As with all current iterations of natural language processing, the engine's ability to interpret what we write will be significantly reduced from what humans can do. Therefore, humans need to know the boundaries of what the system can interpret so that we can talk to the machine in terms it will understand. Hopefully a document that details these things will be able to improve the usability, quality, and utility of tools like this.
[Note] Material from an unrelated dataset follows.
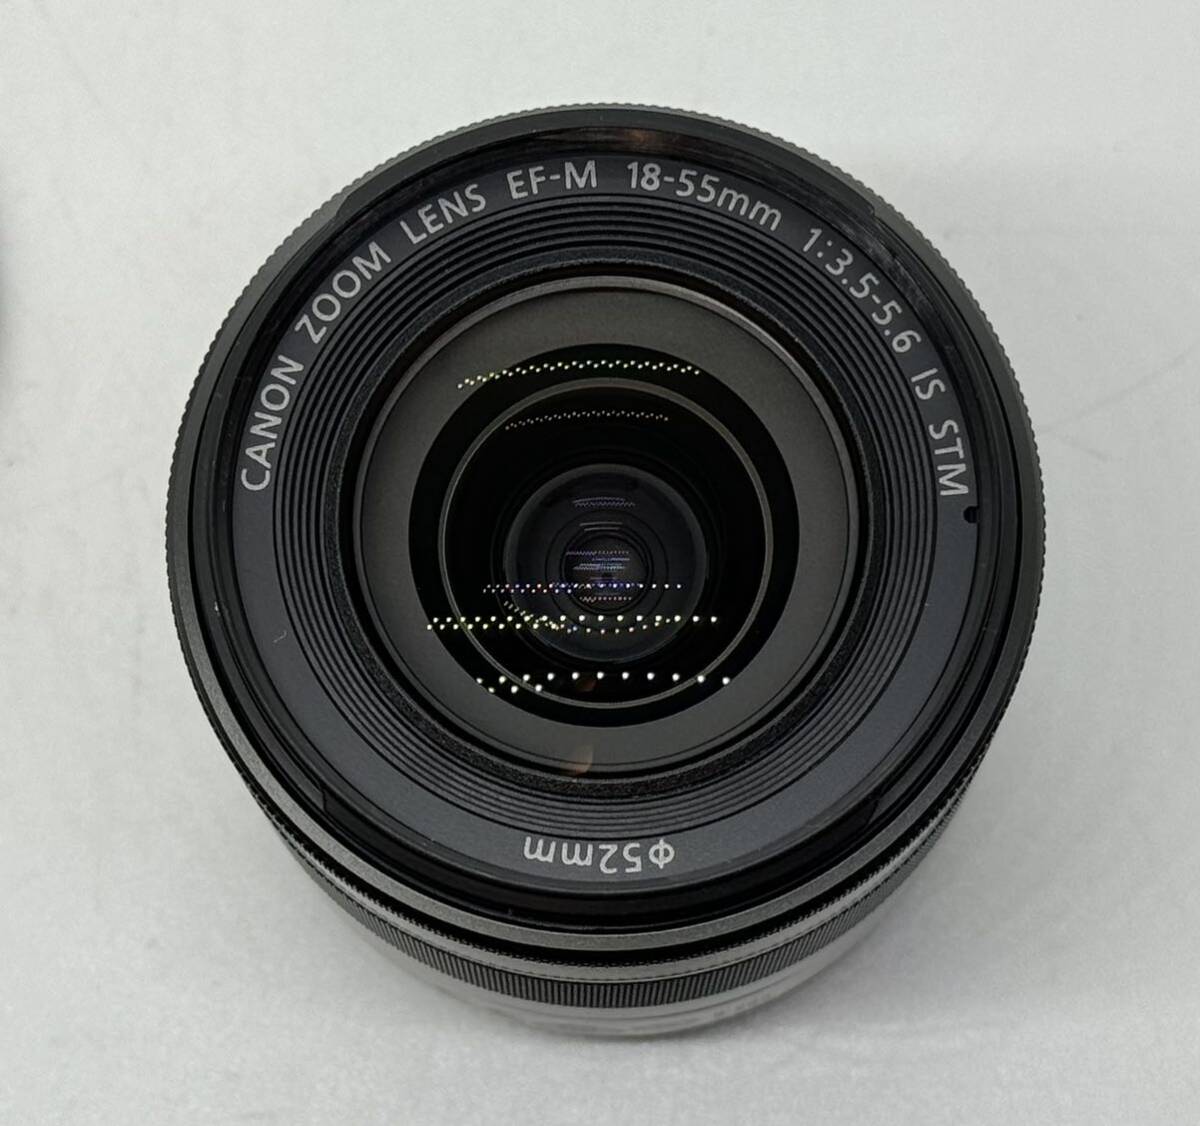  beautiful goods CANON ZOOM LENS EF-M 18-55mm 1:3.5-5.6 IS STM operation verification settled [HH120]

johnbcliff commented 1 year ago

I would love to know about punctuation and syntax. And their absence. We know that ( ) [ ] and : are used, but how important is a comma? We can obviously experiment with that. How about periods? I see things like f 1 5 for f 1.5, 200 mm vs 200mm, and so forth, are they parsed the way users think they are? For compound word names like "garden gnome" we can look at word lists, test it against CLIP, etc but it would be nice to have a bit more clarity. My big question today is "does an ampersand work as well as 'and' for things specified that way?" Is the character '&' meaningful? I can test (and am) but even a couple of character differences in a prompt can change the output, it doesn't tell me how it was parsed. Interrogate just confuses me : )

bezuklada commented 1 year ago

Hi! Have you received answers to these questions?